Verder komt de Cote de Sarolay nogal eens ter sprake op allerlei fietssites:
het schijnt een pittige klim te zijn om in het dorp te komen. Maar dat was het
dan ook wel. Verder kun je in Argenteau, deels in Sarolay, nog de
overblijfselen vinden van een steenkolenmijn die tot in de zeventiger jaren van
de vorige eeuw in gebruik was. In Sarolay is nog de oude schachttoren te
bewonderen. Sarolay hoort feitelijk nog bij het land van Herve (waar ze heel
lekkere kaas maken) maar het is echt randgebied. Het ligt vrij hoog ten
opzichte van de Maas, maar hemelsbreed wel bijna op de oever. O wacht, Sarolay
heeft wel nog een heus treinstation gehad: op de lijn Luik-Maastricht. Daarvan
is nog één gebouwtje over, onder aan de berg.
350cc Saroléa, 1946 |
Uit
dat gebied vertrok ooit een deel van de familie naar Maastricht, een ander deel
naar Herstal. Ondernemende mensen. Joseph begon in Herstal zijn wapenfabriek. Hij
wilde zich niet zoals andere wapenfabrieken in dat stadje aansluiten bij de wapenfabriek FN en
verlegde zijn productie naar fietsen en later motoren. Zijn opvolgers maakten
van die motoren een succesnummer. In de motorwereld schijnt Saroléa een begrip
te zijn. En ik moet zeggen dat ik (op foto) allerlei mooie exemplaren heb
gezien van motoren uit die fabriek. In de zestiger jaren is de fabriek
gesloten. In de oude gebouwen is nu een museum gevestigd. Een Motormuseum. Een
Saroléamuseum. Daar verheug ik me op, vooral ook omdat er ook een restaurantje
in gevestigd schijnt te zijn waar je tussen 09.00 en 15.00u terecht kunt.

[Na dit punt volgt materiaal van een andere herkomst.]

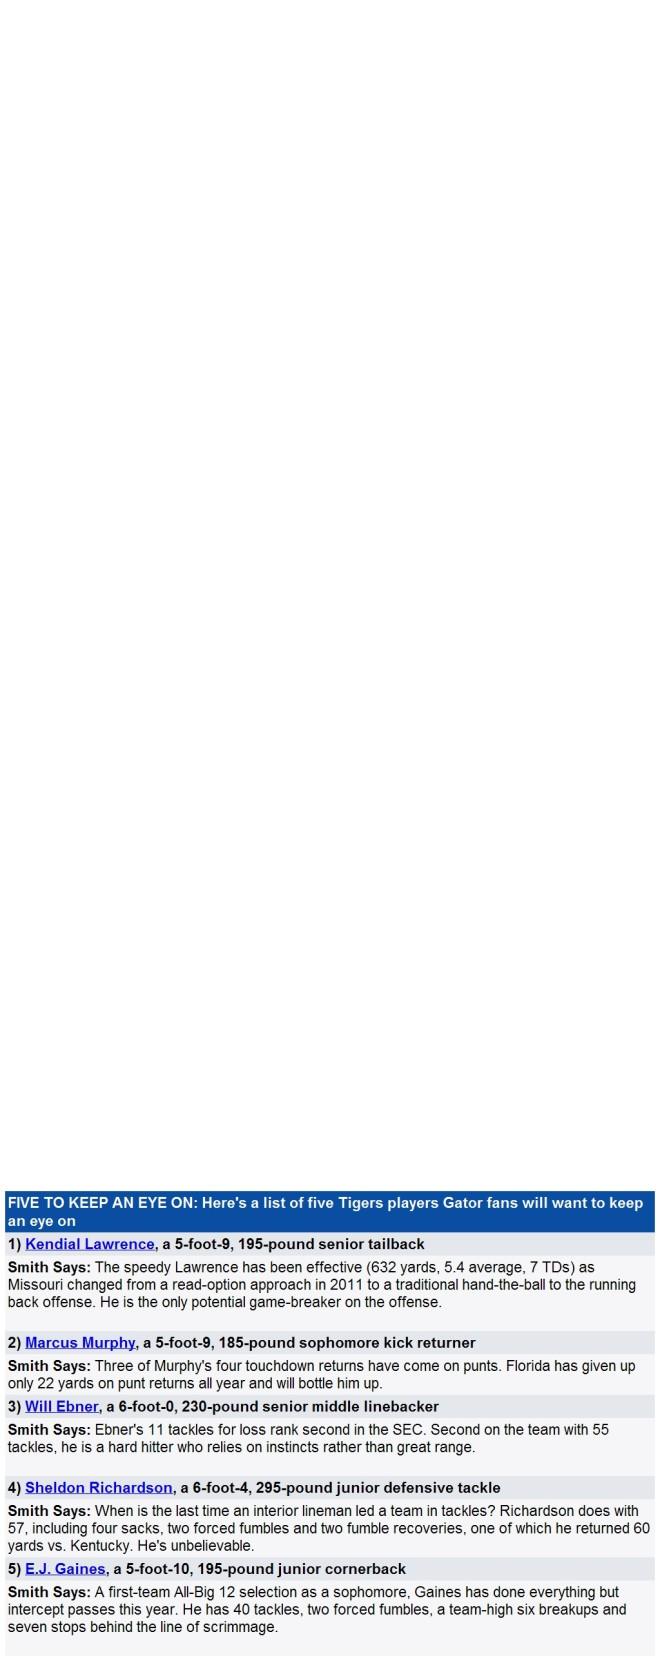 R4fgkkobrilpbkubadrf

Oranje Nassau I en Station Heerlen |
De
andere Saroléa (Henri) woonde intussen in Maastricht. Ik weet niet hoe lang
geleden zijn tak van de familie zich daar gevestigd had, maar deze telg vond
het tijd zijn horizon te verbreden. Hij toog naar Nederlands-Indië alwaar hij
zich bezig hield met de aanleg van spoorwegen. Onderweg schijnt hij nog schipbreuk te hebben geleden.
Bij Malta.
Terug
uit Indië vestigde hij zich in Heerlen. Daar zag hij wel toekomst in. De
mijnbouw was er in opkomst en de lijn Aken-Maastricht was aangelegd. Hij
maakte plannen voor een spoorweg tussen Sittard en Herzogenrath, via Heerlen.(
Later verbond het Miljoenenlijntje die twee trajecten met elkaar.) Intussen
waren de Duitse broers Honigmann samen met Saroléa bezig met de start van een
steenkolenmijn waarvan de schachttorens en de steenberg tegen het centrum en
het station van Heerlen geplakt werden: De Oranje Nassau I.
In
Heerlen loopt de Honigmannstraat parallel aan de Saroléastraat. Alle twee
richting station en de voormalige mijn.
Over
het dorpje Sarolay kan ik intussen alleen nog meedelen dat het twee keer
genoemd wordt in de Index des fortifications Belges. Op 13 mei 1940 worden de Belgische
troepen in het fort Aubin beschoten door Duits geschut vanuit Sarolay. Acht
dagen later geven ze zich over.
Maar
over Karel de Grote valt nog veel meer te vertellen. En misschien doe ik dat
ook nog wel. Volgend jaar is hij twaalfhonderd jaar dood. Dat is best veel.